A skin lesion that does not heal over time but instead becomes increasingly painful is a sign that it may be an infected wound. The pain may increase quickly, becoming intense and is often described as a throbbing pain. It is possible for this pain to be controlled with over-the-counter pain medications, but one should visit the doctor as soon as possible because medical intervention is required to eliminate the infection.

If a wound is inflamed, red, or hot to the touch, this may indicate that the wound is infected. A mild amount of inflammation is common with all wounds, even those that are not infected, and this is part of the healing process. If the redness and swelling spread and become more severe over time, it is likely that the wound is infected.

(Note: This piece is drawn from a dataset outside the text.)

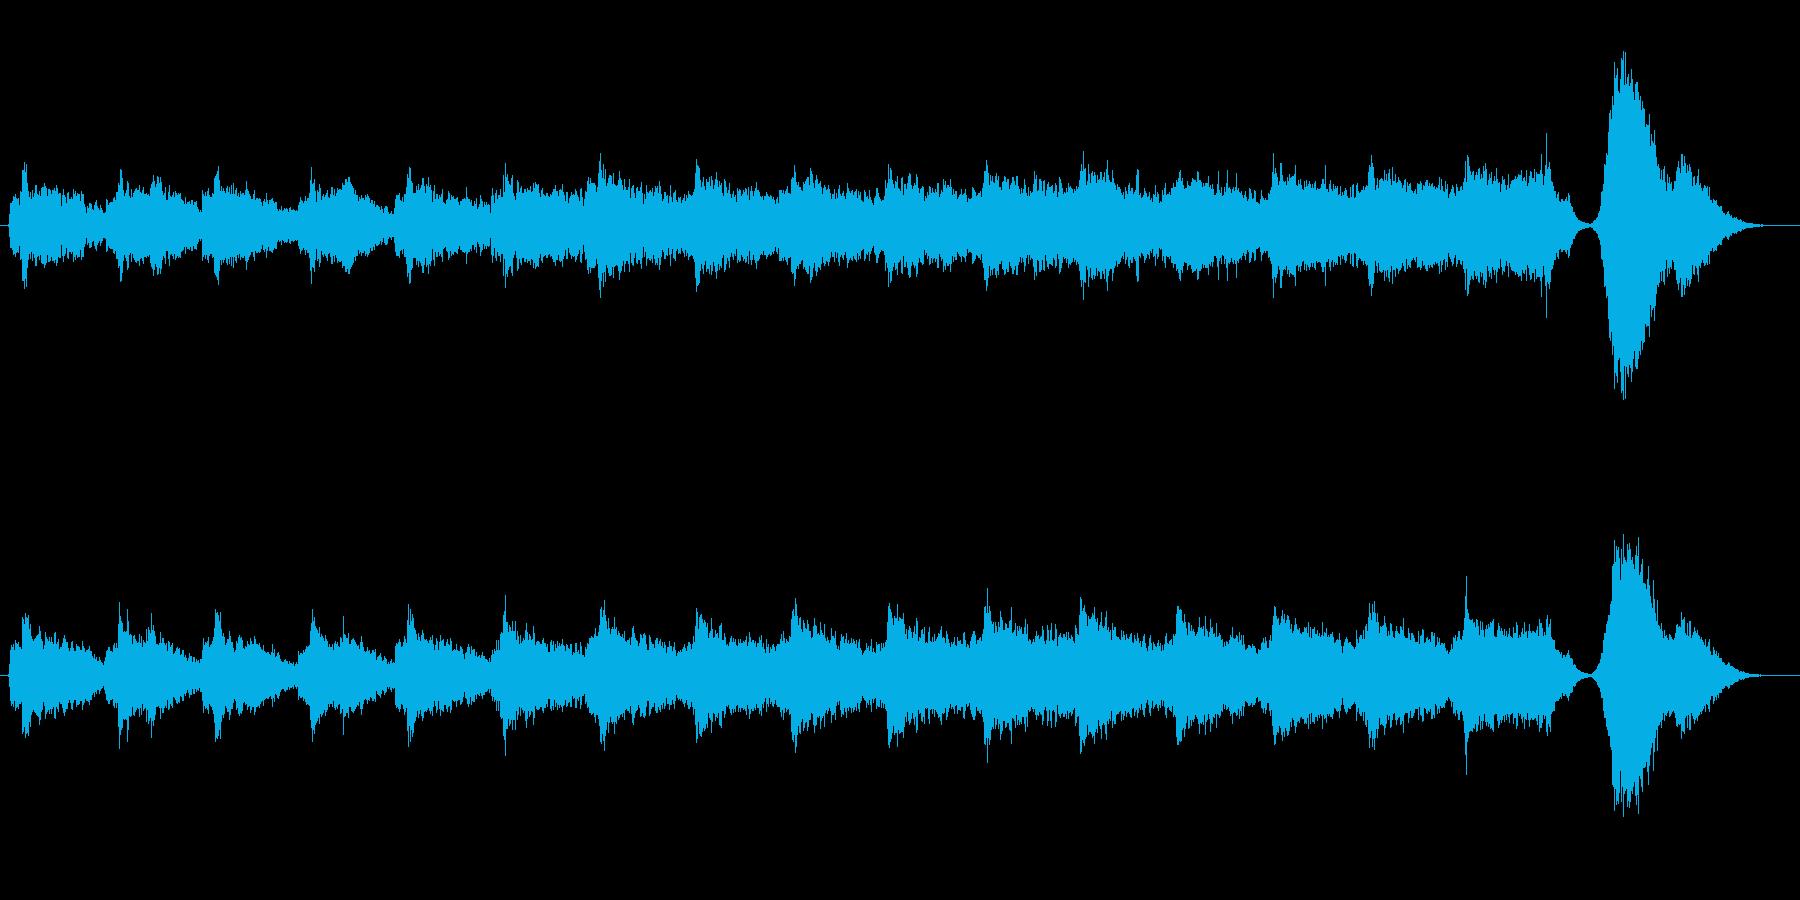 ミステリー、ホラー向き楽曲。高音の弦楽…の再生済みの波形

Often, an infected wound will contain pus. It may retain this pus under the skin, or the wound may ooze. This pus can be white, yellow, or green. Discharge that has a foul odor is especially a symptom of infection. The bacteria in pus and other wound discharge contains large amounts of bacteria that can infect other individuals with open wounds. People with infected wounds should be careful to wash the area around the wound as well as their hands so that the bacteria is not transmitted to others.

Another sign of an infected wound is red streaking. This indicates that an infection has spread to the lymph system, the system that removes infections from the body's tissues. Other signs of a lymph infection are swollen and inflamed areas around the armpits, the neck, or around the groin, as these places are where lymph nodes are located.

It is not uncommon for an infected wound to cause symptoms that are not related to the wound at all. An infection anywhere on the skin can cause the affected individual to experience chills and a fever. This is a sign that the body is trying to fight off an infection.